# Evaluation metrics

## 1. Introduction

Evaluation metrics are quantitative measures used to assess the performance of a model or algorithm. They provide a standardized way to measure how well the model is performing on a specific task or dataset. The choice of evaluation metrics depends on the problem at hand and the goals of the project.

Here are some commonly used evaluation metrics and the concepts behind them:

1. Accuracy: Accuracy is a widely used metric for classification tasks. It calculates the percentage of correctly predicted instances out of the total instances. While accuracy is a straightforward measure, it may not be suitable for imbalanced datasets where the classes are not equally represented.

2. Precision and Recall: Precision and recall are metrics commonly used in binary classification tasks, particularly when the classes are imbalanced. Precision measures the proportion of correctly predicted positive instances out of the total instances predicted as positive. Recall, also known as sensitivity or true positive rate, measures the proportion of correctly predicted positive instances out of the total actual positive instances. Precision focuses on minimizing false positives, while recall focuses on minimizing false negatives.

3. F1-score: The F1-score is the harmonic mean of precision and recall. It provides a single metric that balances the trade-off between precision and recall. The F1-score is useful when you want to consider both precision and recall simultaneously.

4. Mean Squared Error (MSE): MSE is a common metric used in regression tasks. It calculates the average squared difference between the predicted and actual values. MSE gives higher weight to larger errors, making it sensitive to outliers.

5. Mean Absolute Error (MAE): MAE is another metric used in regression tasks. It calculates the average absolute difference between the predicted and actual values. MAE is less sensitive to outliers compared to MSE because it doesn't square the errors.

6. Area Under the Curve (AUC): AUC is commonly used in binary classification tasks to evaluate the performance of a model's predicted probabilities. It measures the area under the Receiver Operating Characteristic (ROC) curve, which plots the true positive rate against the false positive rate at various threshold settings. AUC provides an aggregate measure of the model's ability to distinguish between positive and negative instances across different threshold settings.

These are just a few examples of evaluation metrics, and there are many others depending on the specific problem and the nature of the data. The choice of metric should align with the objectives of the project and take into consideration factors such as class imbalance, sensitivity to errors, and the context of the problem.
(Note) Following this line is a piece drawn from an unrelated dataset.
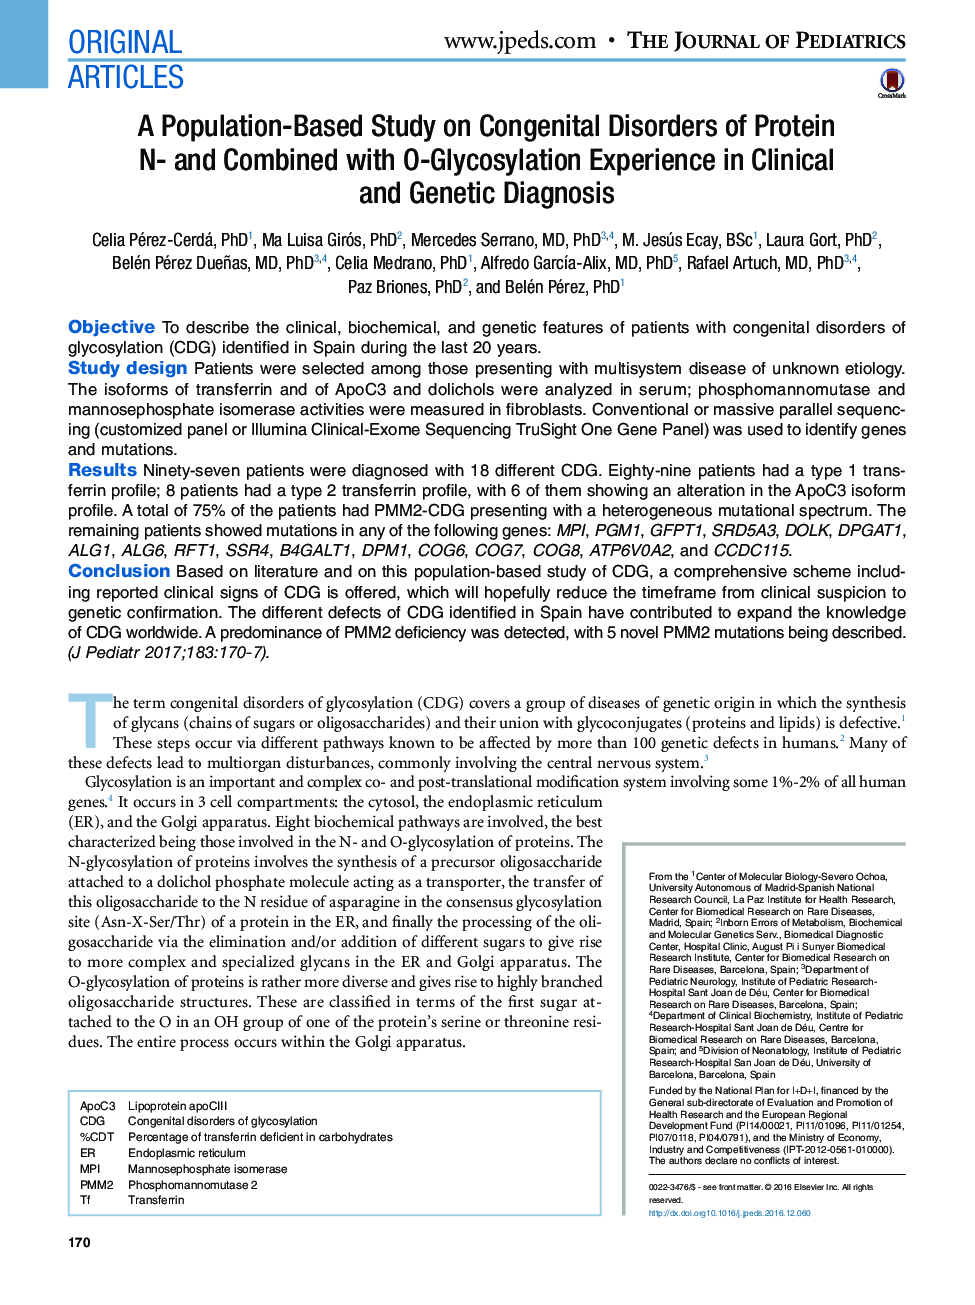 Original ArticlesA Population-Based Study on Congenital Disorders of Protein N- and Combined with O-Glycosylation Experience in Clinical and Genetic Diagnosis

It's important to understand the underlying concepts of these metrics to correctly interpret the performance of your model and make informed decisions.

![Calculation-of-Precision-Recall-and-Accuracy-in-the-confusion-matrix.png](attachment:Calculation-of-Precision-Recall-and-Accuracy-in-the-confusion-matrix.png)

## 2. Example

In [4]:
import warnings
# Ignore all warnings
warnings.filterwarnings("ignore")
from sklearn.datasets import load_wine
from sklearn.model_selection import train_test_split
from sklearn.linear_model import LogisticRegression
from sklearn.metrics import accuracy_score, precision_score, recall_score, f1_score

# give more information for the dataset
# pinpoint the matrics
# introduce the data and features
# data visualization

# Think about that I'm the student
# Make sure that I can 
# More comprehensive
# Sufficient Examples

# Load the Wine dataset
data = load_wine()
X = data.data
y = data.target

# Split the data into train and test sets
X_train, X_test, y_train, y_test = train_test_split(X, y, test_size=0.2, random_state=42)

# Train a logistic regression model
model = LogisticRegression()
model.fit(X_train, y_train)

# Make predictions on the test set
y_pred = model.predict(X_test)

# Calculate evaluation metrics
accuracy = accuracy_score(y_test, y_pred)
precision = precision_score(y_test, y_pred, average='weighted')
recall = recall_score(y_test, y_pred, average='weighted')
f1 = f1_score(y_test, y_pred, average='weighted')

# Print the evaluation metrics
print("Accuracy: {:.2f}%".format(accuracy * 100))
print("Precision: {:.2f}%".format(precision * 100))
print("Recall: {:.2f}%".format(recall * 100))
print("F1-score: {:.2f}".format(f1))

Accuracy: 97.22%
Precision: 97.41%
Recall: 97.22%
F1-score: 0.97


In this example, we load the Wine dataset using load_wine() from scikit-learn. We then split the data into training and testing sets using an 80-20 split. Next, we train a logistic regression model on the training set and make predictions on the test set. Finally, we calculate the evaluation metrics including accuracy, precision, recall, and F1-score using the accuracy_score(), precision_score(), recall_score(), and f1_score() functions from scikit-learn.

Note that for multi-class classification tasks like the Wine dataset, the precision_score(), recall_score(), and f1_score() functions require specifying the average parameter to calculate the weighted average of the metrics across all classes.